1H NMR spectra recorded at 9.4 T and 14.00 kHz MAS from two distinct HA powders, labeled (a) HA–1 and (b) HA–2; they are associated with “low” and moderately “high” surface hydration degrees, respectively, as witnessed by the broad NMR peak centered at 5.5 ppm from HA–2. Both samples manifest the HA-characteristic OH resonance ≈0 ppm. (c) The result after soaking the HA–2 powder in ethanol (red trace), as well as after repacking the powder and repeating the NMR experiment (black trace).

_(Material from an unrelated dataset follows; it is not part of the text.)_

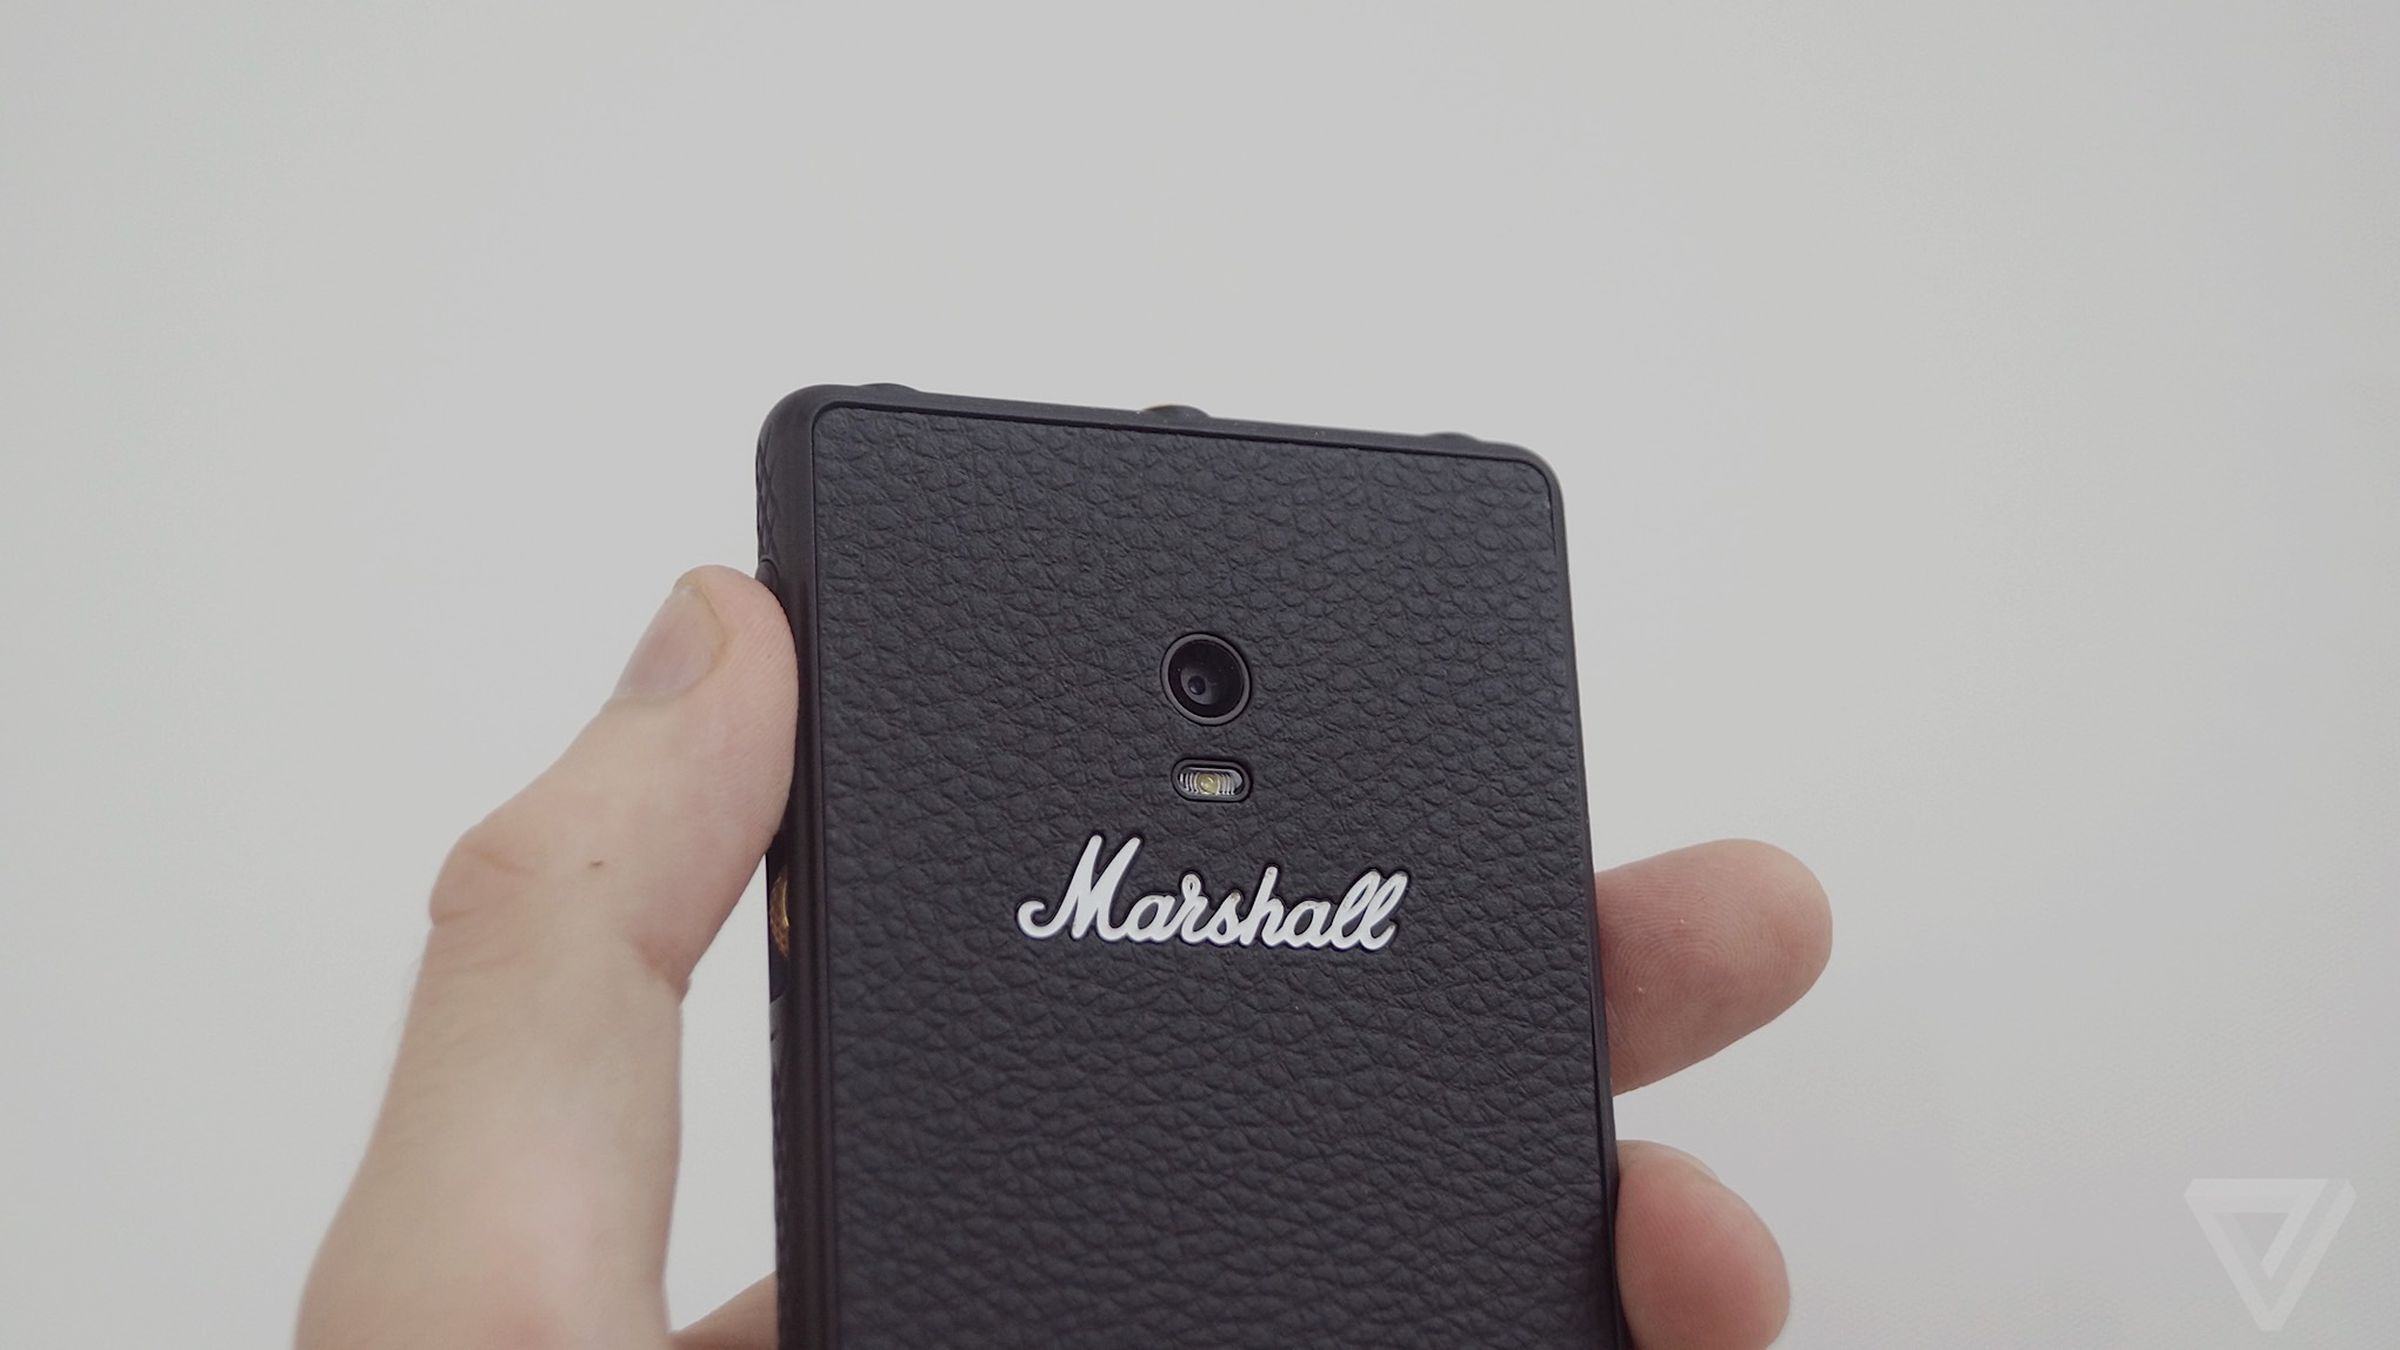 Marshall's London smartphone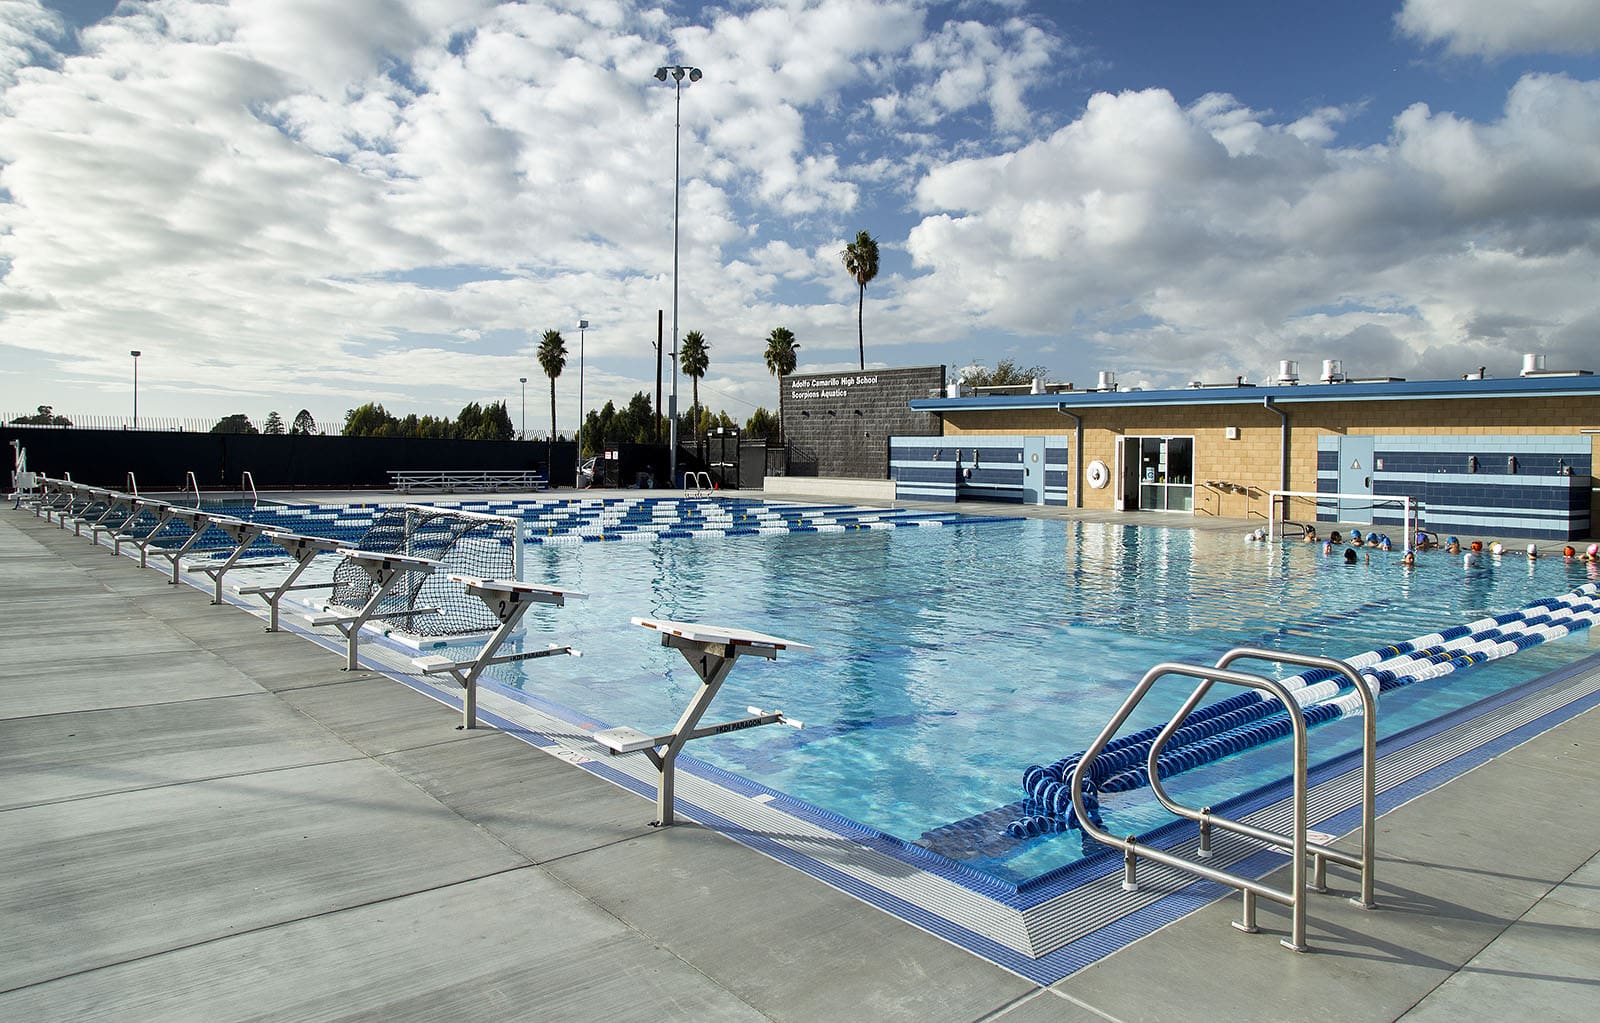 Aquatics FacilityAdolfo Camarillo High School • Blackbird Architects, Inc.

First focusing on the minor 1H resonances from synthetic H(C)A, their precise shifts and intensities vary slightly among samples and studies, but (at least) two peaks are reported around 0.8–0.9 ppm and 1.2–1.4 ppm, respectively,[6,13−16,21,22] occasionally accompanied by another resonance around 2.0 ppm.[14,21] Their narrow peak widths (≲30 Hz) and absence of magnetization transfers in 1H–31P CPMAS-based experimentation suggest species that are either highly mobile and/or remote from phosphate groups.[14,16] Furthermore, the peak intensities grow concurrently with the surface area of the H(C)A crystallites and are most pronounced for nanocrystalline HA powders.[16] Altogether, these characteristics point toward surface-associated species whose populations depend on the surface hydration level,[21] but unambiguous assignments have until recently remained elusive. Similar narrow peaks are also observed from HCA with significant carbonate-for-phosphate substitutions (“B-type” HCA),[13,18−21] where they have been attributed to OH groups close to CO32– ions.[6,13,18,19]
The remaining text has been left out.